Intense search for Carter continuing Murderer escapes by jumping from courthouse window

January 19, 1993|By Eric Siegel and Michael James | Eric Siegel and Michael James,Staff Writers Staff writers Joe Nawrozki and Richard Irwin contributed to this article.

An intense manhunt continues today for convicted kille Dontay Carter, whose escape from Baltimore's main courthouse during a trial prompted the suspension of two prison officers and "numerous" telephone tips about his purported whereabouts.

As teams of federal, city and state officers responded to calls of ++ alleged Carter sightings, reward money for his recapture grew to $1,500 today.

Carter -- whose violent kidnapping spree and murder of Vitalis Pilius made him one of Maryland's most notorious criminals -- was neither handcuffed nor shackled when he escaped by jumping out of a judge's restroom window about 7 feet from the pavement on the St. Paul Street side of the building and running away.

Carter is considered very dangerous -- a man on the run with nothing to lose. He was awaiting sentencing in the murder and was facing life imprisonment.

L State Police and the FBI were assisting in the search today.

City police reported numerous telephone calls from people who said they had seen Carter in West Baltimore or downtown.

Lt.
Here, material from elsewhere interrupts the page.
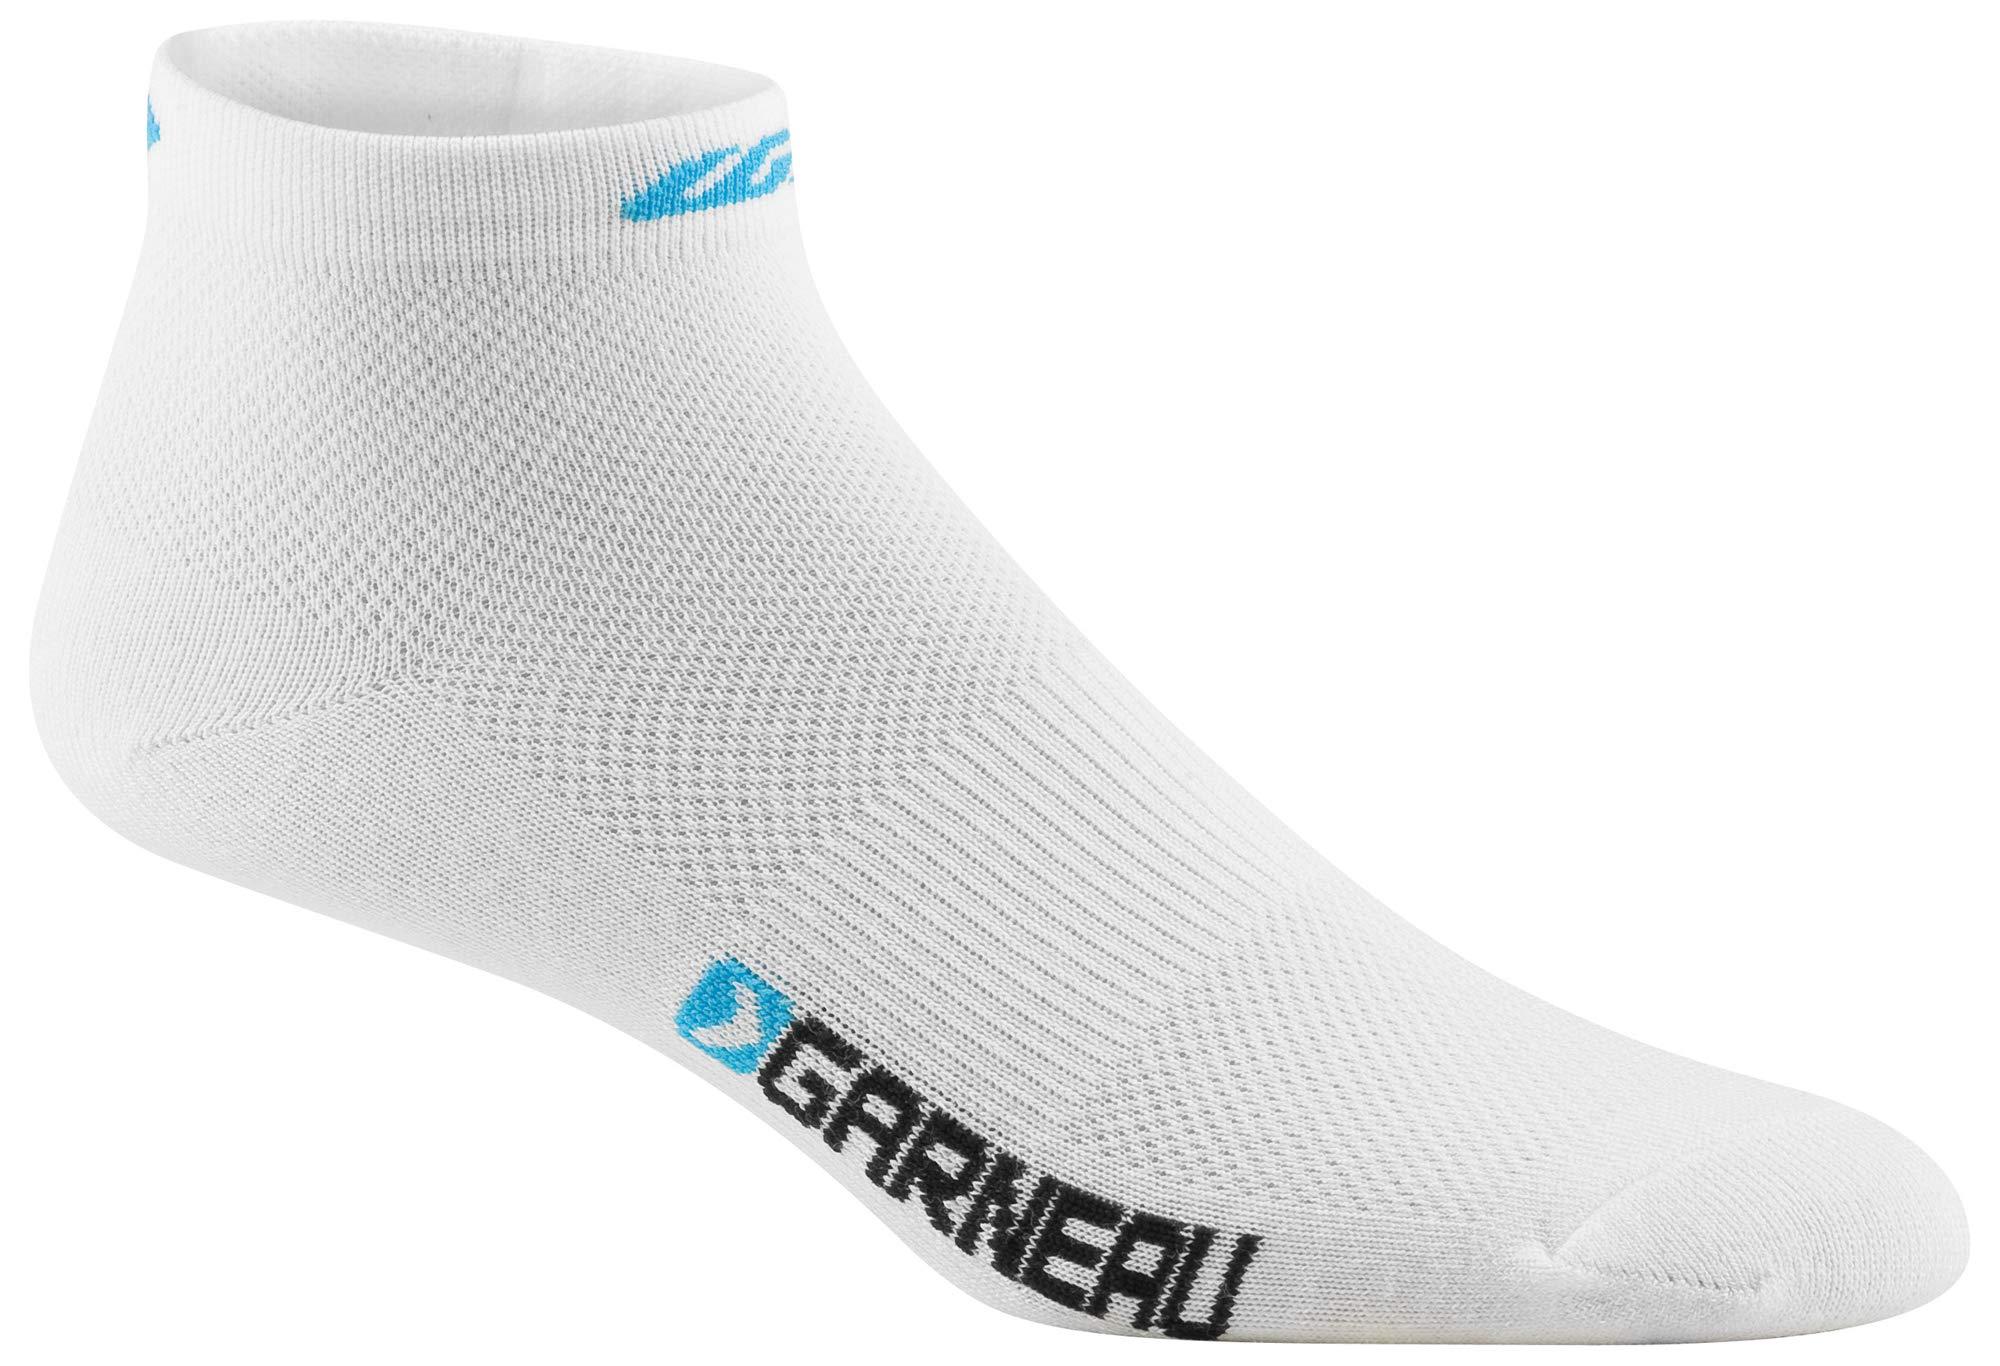 Louis Garneau Women's Low Versis Lightweight, Moisture Wicking Cycling Socks Cycling Socks 3-Pack, Atomic Blue, Large/X-Large by Louis Garneau

Russell Shea of the Eastern District said he knows Carter's haunts and urged his officers to be extra cautious while the convicted murderer remains at large.

"All of us are definitely wearing our body armor," Lieutenant Shea said before leaving the station last night.

He said Carter needs money and warned his officers Carter could try to rob someone, possibly at an automatic teller machine. Lieutenant Shea also warned that Carter needs a car and could try carjacking again.

"He likes to hide out in vacant houses," the lieutenant said. "We'll be paying special attention to as many as possible."

Lieutenant Shea said he has never seen the city so upset about an escaped prisoner.

News of the Carter escape prompted angry state legislators to call for a review of courthouse procedures and the firing of any corrections personnel who may have been negligent. An investigation has been ordered by Gov. William Donald Schaefer.

Two unidentified correctional officers who escorted Carter to the restroom, only to see him close and lock its door and disappear, were suspended without pay last night pending the outcome of an investigation. Carter -- in the past described by prosecutors as a "monster" for his coldblooded attacks and lack of remorse -- called prison officials 40 minutes after his escape and told them he might turn himself in, but did not say when that might happen.

Carter was on trial at the Clarence M. Mitchell Jr. Courthouse on charges of kidnapping Dr. Daniel Ford, a Johns Hopkins physician who had been locked in his car trunk and later assaulted.

Carter, 19, of the 1900 block of N. Collington Ave., was convicted Nov. 17 of first-degree murder and kidnapping in the death last February of Vitalis V. Pilius, 37, a computer engineer and father of four.

On Jan. 8, Carter pleaded guilty to kidnapping Douglas R. Legenhausen, a Baltimore jeweler who escaped from a car trunk in the incident that led to Carter's capture.

In the middle of yesterday's trial, about 2:15 p.m., Carter asked to be

taken to the restroom, said Rachel B. Marblestone, the law clerk for presiding Judge John N. Prevas.

As his attending jail guards have done on other occasions, they took him to the private restroom in Judge Prevas' chambers, where Carter slammed the door shut, Ms. Marblestone said. Guarding him were two armed correctional officers assigned to the transportation unit of the state-run Baltimore City Detention Center.

Authorities would not divulge the officers' names, but said one had been employed since 1979 and the other since 1990. They were suspended without pay, charged with a breach of security resulting in an escape, and could face firing.

"Generally, they leave the door open. Today he [Carter] closed it," Ms. Marblestone said. "He locked the door. They gave it a minute or two. I think they were assuming he was" badly in need of going to the restroom, she said.

"They toggled the lock, called his name. When he didn't answer, one of them went outside and looked at the window and saw it was open," she said.

Carter, wearing green chino-type pants, a black belt, a short-sleeved, multi-colored print shirt and green-and-white tennis shoes, apparently jumped to a balustrade below the window or directly to the sidewalk. Authorities said a witness reported seeing Carter run south on St. Paul Street to Fayette Street, and turn west.

The jail officials went back into the courtroom to notify the judge of the escape. Dr. Ford's wife "burst into tears" when she heard of Carter's escape, Ms. Marblestone said.

Judge Prevas said that while Carter was in the courtroom, he sat at the trial table without handcuffs or leg irons, which is normal practice. The restraints are not placed on prisoners since they may prejudice a jury, he said. The judge declined to comment on why Carter was not in leg irons during his visit to the restroom.